Link to CoreDump.gz is sent by e-mail when Apport bug is marked as duplicate
| Affects | Status | Importance | Assigned to | Milestone | |
|---|---|---|---|---|---|
| Launchpad itself |
Triaged
|
High
|
Unassigned | ||
Bug Description
When an apport bug containing a coredump is filed, the bug is marked as private. When this bug gets retraced by the Apport retracing service, the coredump is removed and the bug is marked as public. However, when the Apport retracing service marks this bug as duplicate of another (master) bug, an e-mail containing a link to the coredump.gz is sent to subscribers of the master bug.
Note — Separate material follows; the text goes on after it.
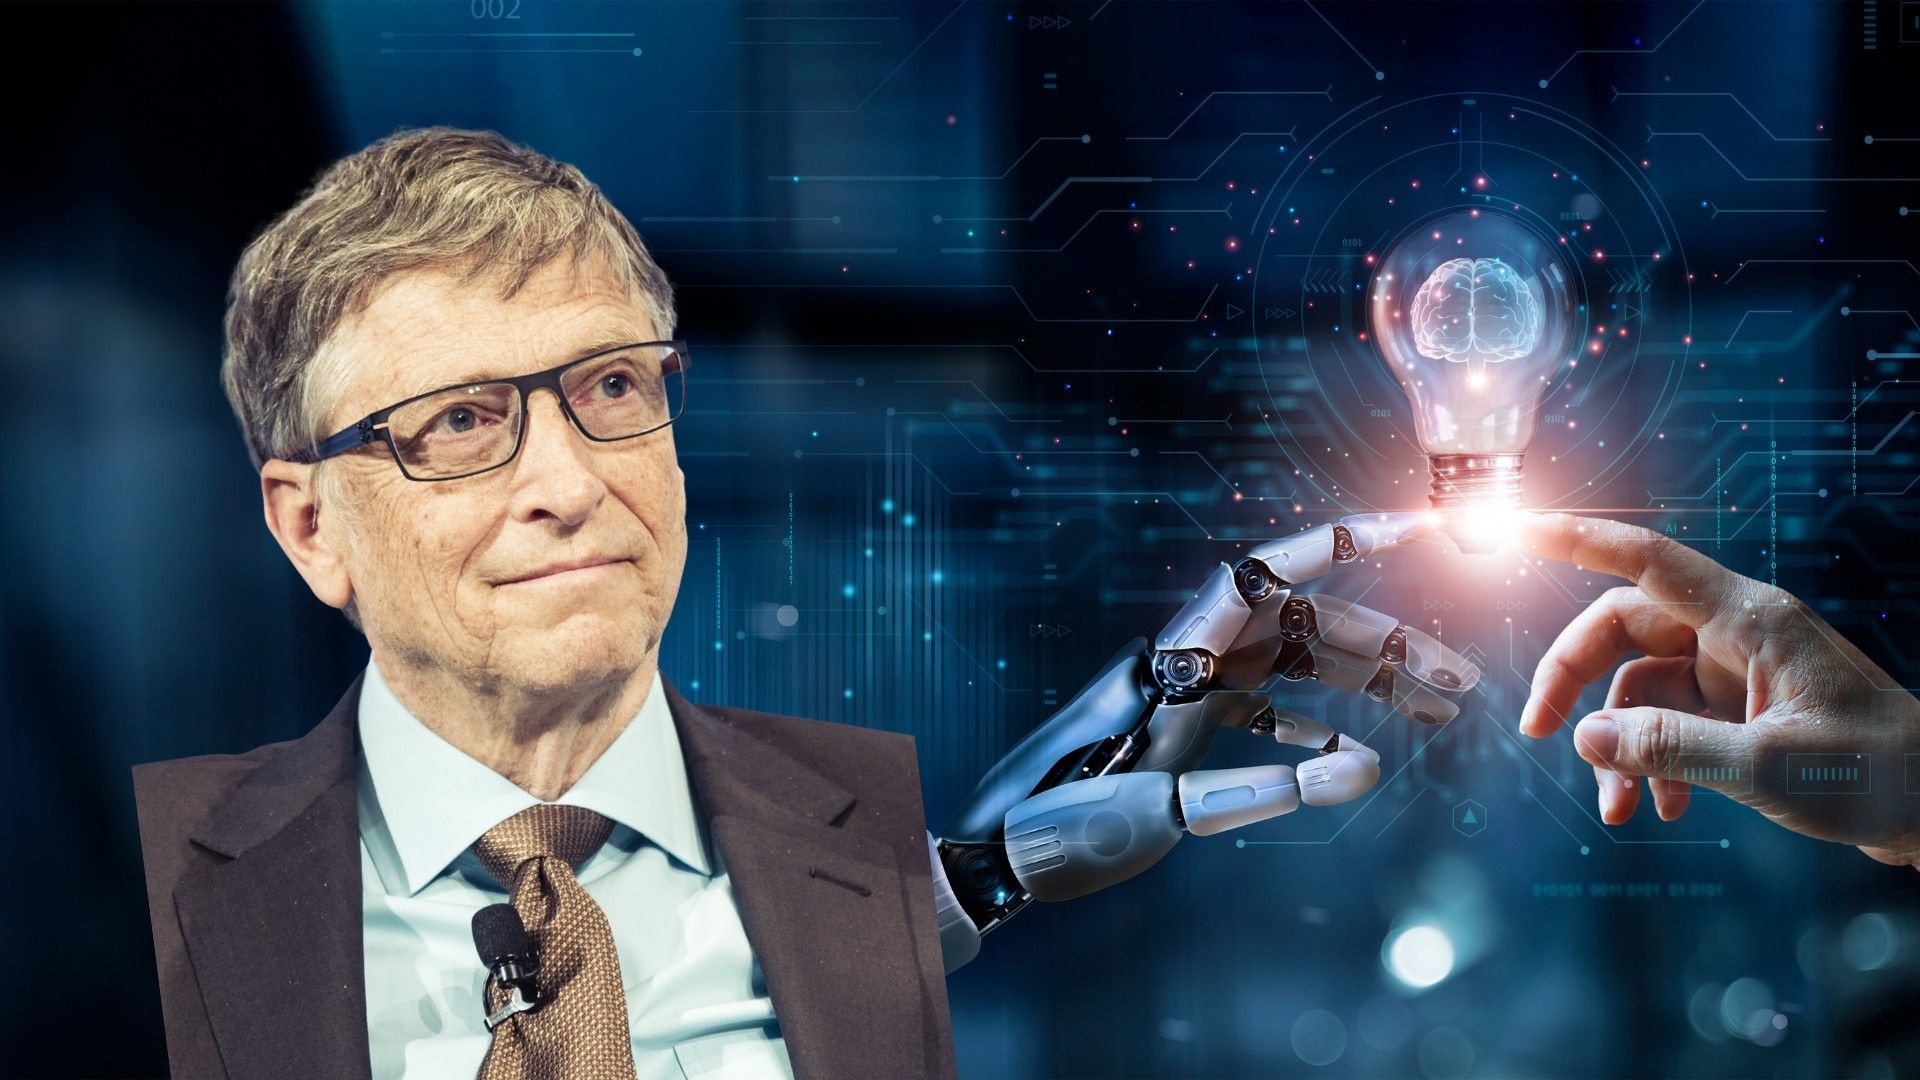 Bill Gates thừa nhận sự ra đời của AI là lần thứ 2 có một công nghệ đột phá mang tính cách mạng khiến ông ấn tượng (Ảnh minh họa: Pinterest).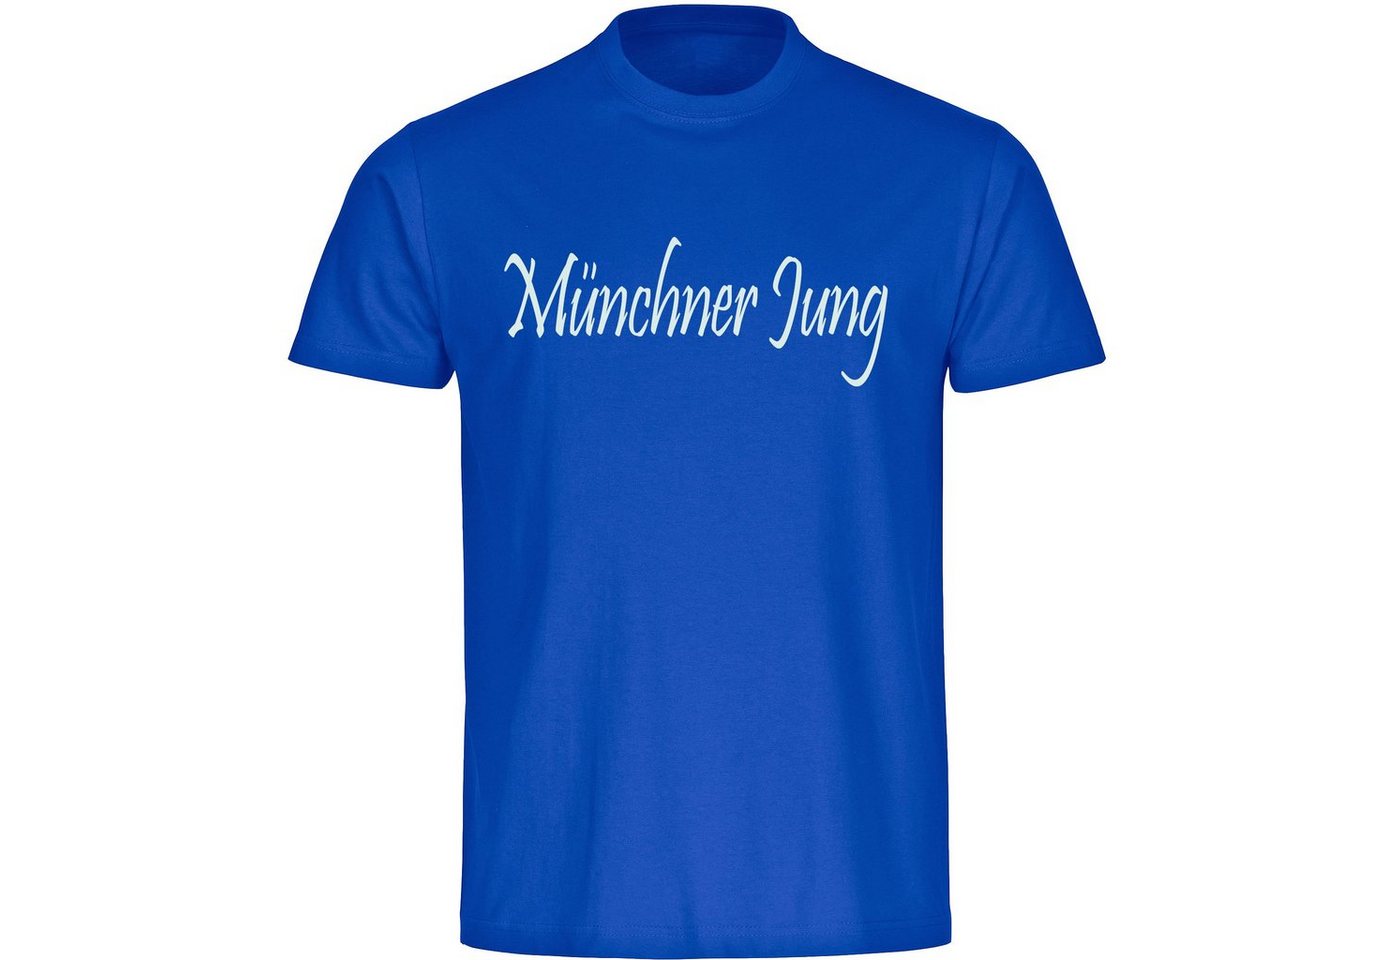 multifanshop T-Shirt Herren München blau - Münchner Jung - Männer von multifanshop

As the coredump may contain sensitive information, this is a security issue.
For example, those lines are in the e-mail I received (link censored):
** Tags removed: need-amd64-retrace
** Attachment removed: "CoreDump.gz"
http://
That link actually opens the coredump.
Expected behavior: e-mail sent to subscribers of the master bug should not contain the link to the CoreDump.gz.
The librarian URL is also visible in the bug's activity log.
| William Grant (wgrant) wrote | #1 |
| Changed in malone: | |
| status: | New → Confirmed |
| Matthew Paul Thomas (mpt) wrote | #2 |
| Changed in malone: | |
| importance: | Undecided → High |
| description: | updated |
| Robert Collins (lifeless) wrote | #3 |
Erk, that is bad. Actions performed when the bug was private probably shouldn't be batched in with public notifications.